Donellan did not explain the issue of the bottle-washing, which Judge Buller was later to pronounce was ‘above all' the greatest circumstance which ‘left [his] guilt without the smallest doubt'.

The variance of his evidence with Anna Maria's is only hinted at in the final paragraph. Was he thinking of his mother-in-law when he talked of ‘unjustifiable steps'?

Perhaps a hint was too subtle for the jury.

All Donellan's hopes now rested on a final witness.

Listening all day in court, having travelled from London the day before, the surgeon and anatomist John Hunter was dressed in his usual crumpled suit of clothes. Fifty-three years old, he was famous for his short temper and unkempt appearance; but there was no doubting the luminosity of his reputation.

The list of John Hunter's accomplishments was truly impressive. Having begun studying anatomy in the 1740s and established his own school of anatomy in 1764, he was elected Fellow of the Royal College of Surgeons in 1767 and had served as an army surgeon in France and Portugal. A specialist in venereal disease for at least
fifteen years, he had been resident surgeon at St George's Hospital in London for thirteen years and Surgeon General to George III for five. He counted the painter Joshua Reynolds and the naturalist Joseph Banks among his friends.

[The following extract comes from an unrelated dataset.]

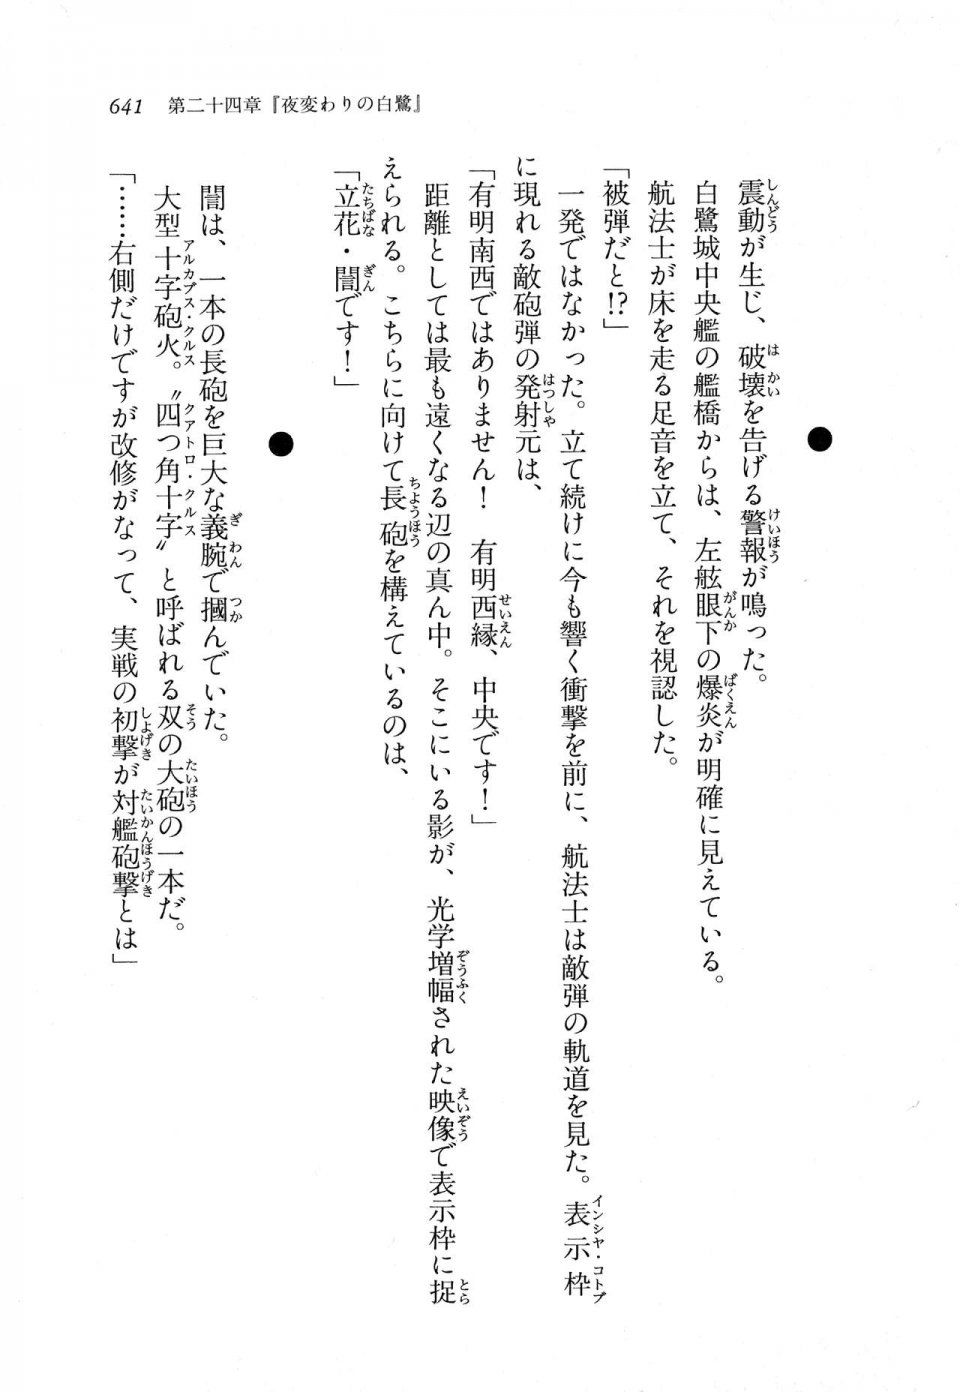 Kyoukai Senjou no Horizon LN Vol 11(5A) - Photo #641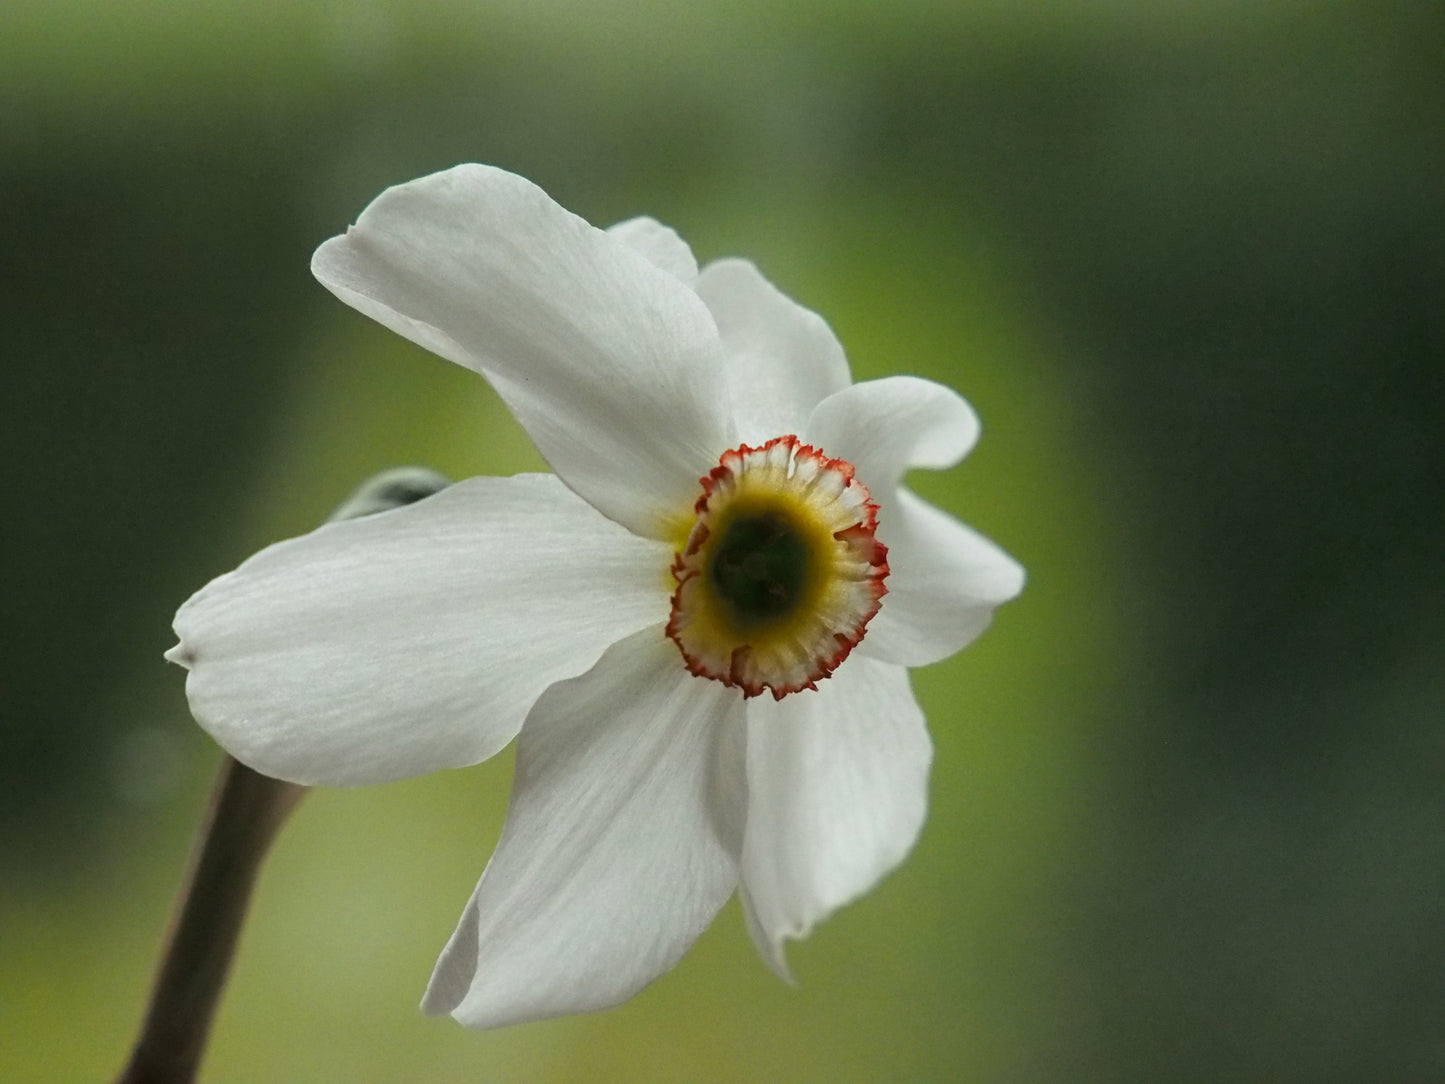 Daffodil 'Recurvus'

Hunter's anatomical expertise was second to none: during his 33-year career he had conducted thousands of dissections, and had a vast museum of specimens which were to be bequeathed to the nation after his death. The museum was condemned in a print of 1782 called ‘The Resurrection' which shows nine dissected corpses trying to find their respective heads, legs and stomachs – and was also a sideswipe at Hunter as a ‘resurrectionist', a man who was not above body-snatching.

Hunter's London home was the original inspiration for the story of Jekyll and Hyde, its frontage as Number 28 Leicester Square being highly respectable, the scene of literary and musical gatherings organised by his wife (although the giraffe in the hallway would have been a mite distracting). The rear – 13 Castle Street – was quite a contrast; it was the entrance to the mortuary and dissecting rooms, guarded by a drawbridge. Corpses from hospitals, street brawls, prisons and executions trundled through there daily, the grisly cartloads a source of terror to local children.

Hunter's Earls Court country house was no less extraordinary. A strange collection of animals grazed the lawns; a crocodile's jawbone hung over the door; and he kept wild cats, including a lion and two leopards, in cages in the grounds. A cart drawn by three Asian buffaloes regularly transported Hunter to London. Hunter was a passionate observer of life in all its forms, with an affection for ‘monsters' – a two-headed calf and a bottled set of premature human quintuplets among them.

But in addition to his peculiar passions, Hunter was intelligent and precise, and he did not jump to conclusions or seek popular glory. Unfortunately, it was the scientific accuracy for which he was renowned which was now to prove such a disappointment for Donellan.

Hunter was forthright in his dismissal of Rattray's conclusions:

Q: Can any certain inference, upon physical principles, be drawn from those symptoms described or from the appearances, externally or internally of the body, to enable you, in your judgement, to decide that the death was occasioned by poison?

A: The whole appearances upon the dissection explain nothing but putrefaction.

Q: Are those symptoms you have heard described such, in your judgement, as are the results of putrefaction in dead subjects?

A: Entirely.

Q: Are the symptoms that appeared after the medicine was given such as necessarily conclude that the person had taken poison?

A: Certainly not.

Q: If an apoplexy had come on, would not the symptoms have been nearly or somewhat similar?

A: Very much the same.

So far, so good. Defence counsel Newnham now asked if Hunter had ever known of a ‘young subject' dying of apoplexy. Hunter answered that he had, though ‘not frequent'.

The questioning now moved to the subject of experiments. Hunter had been known to say that he himself had drunk laurel water and was still alive to tell the tale; unfortunately, however, he was not asked about that now. Instead, Newnham tried to discredit the conclusions drawn by Rattray.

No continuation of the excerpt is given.